_Data shown:_
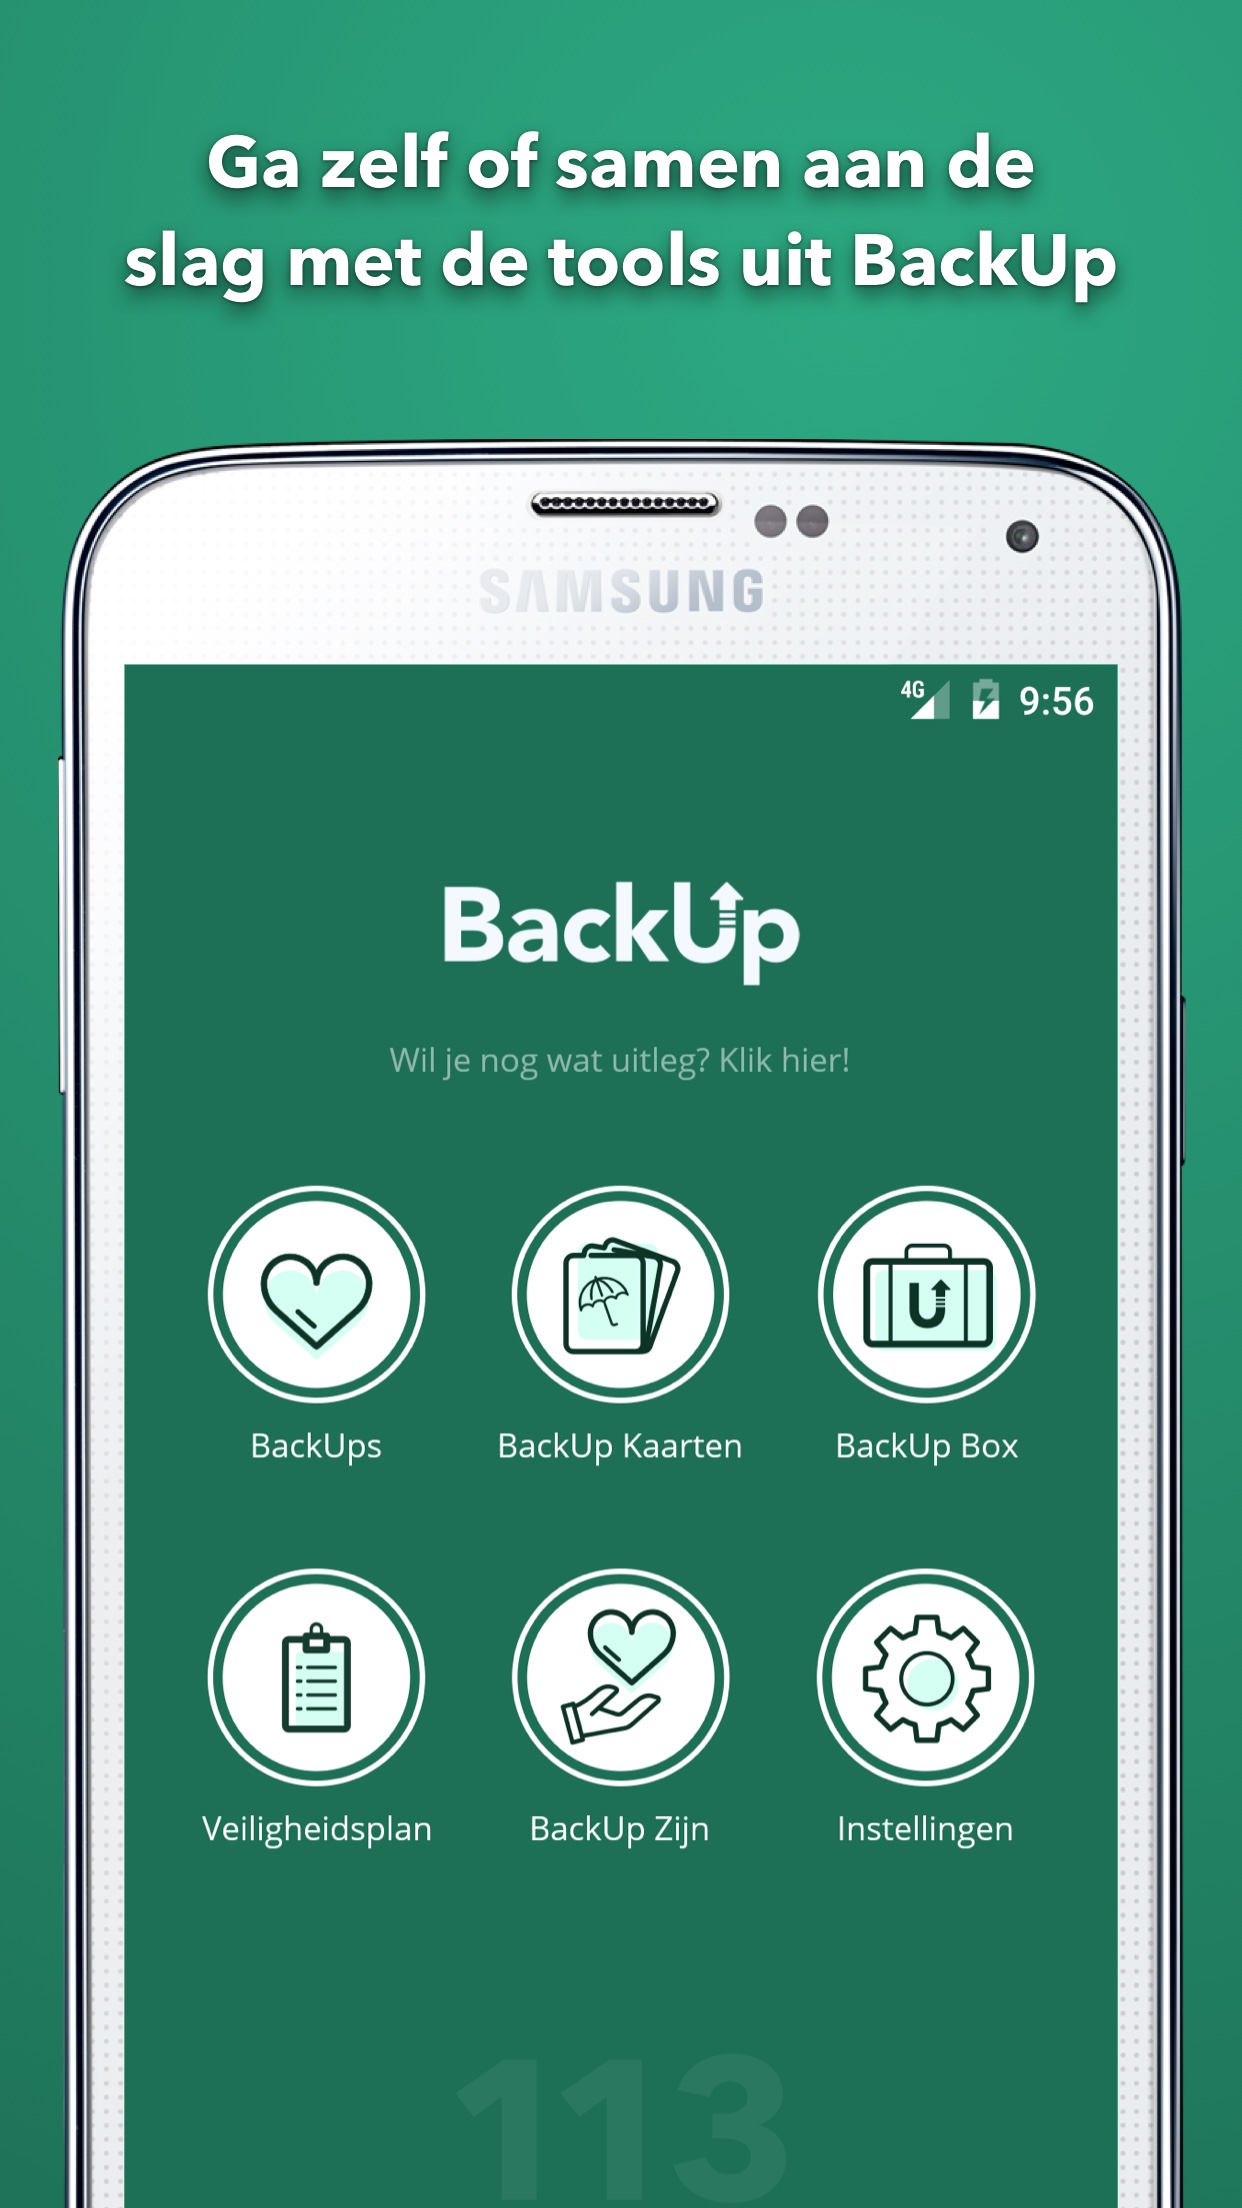 BackUp app zelfmoordpreventie
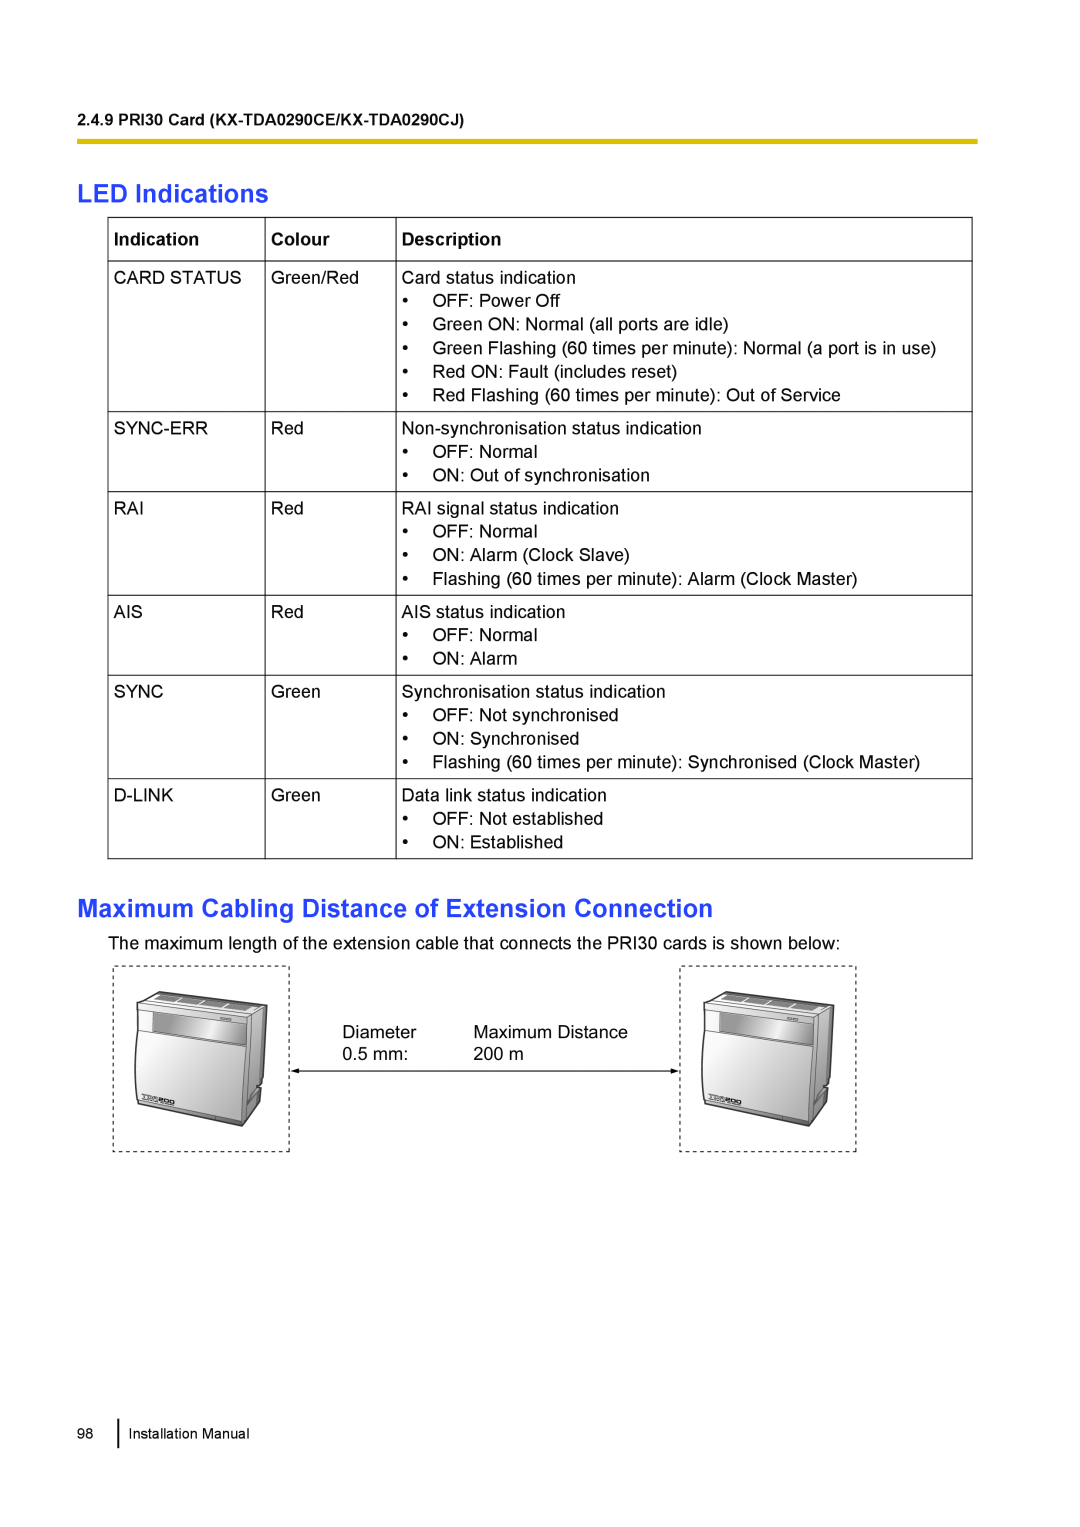 Panasonic KX-TDA100 LED Indications, Maximum Cabling Distance of Extension Connection, Colour, Description 
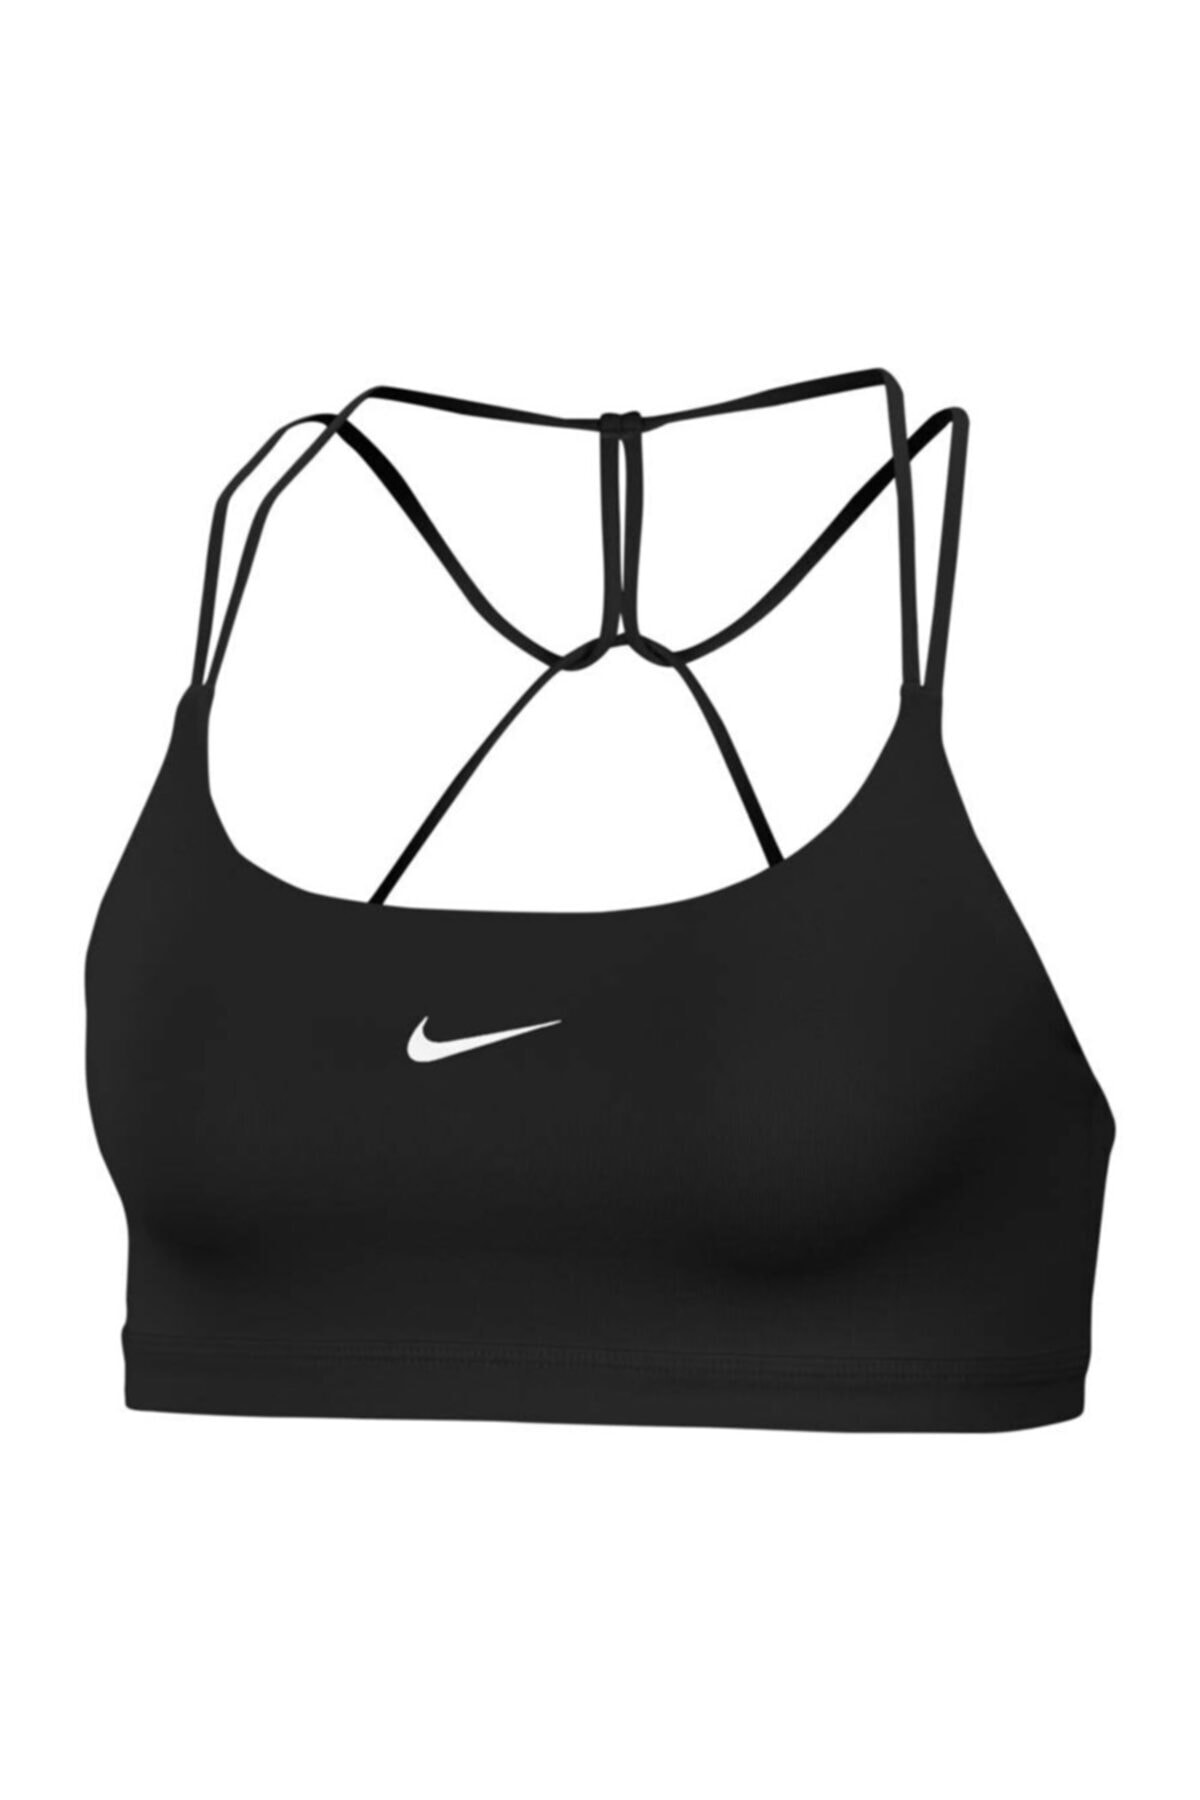 Nike W Nk Df Indy Strpy Nonpded Bra Kadın Siyah Sporcu Sütyeni - Ct3721-010

_Problem:_ The answer should be an exact copy of the material, with its pictures removed.

_Result below:_
 BackUp app zelfmoordpreventie
 Panasonic KX-TDA100 LED Indications, Maximum Cabling Distance of Extension Connection, Colour, Description 
 Nike W Nk Df Indy Strpy Nonpded Bra Kadın Siyah Sporcu Sütyeni - Ct3721-010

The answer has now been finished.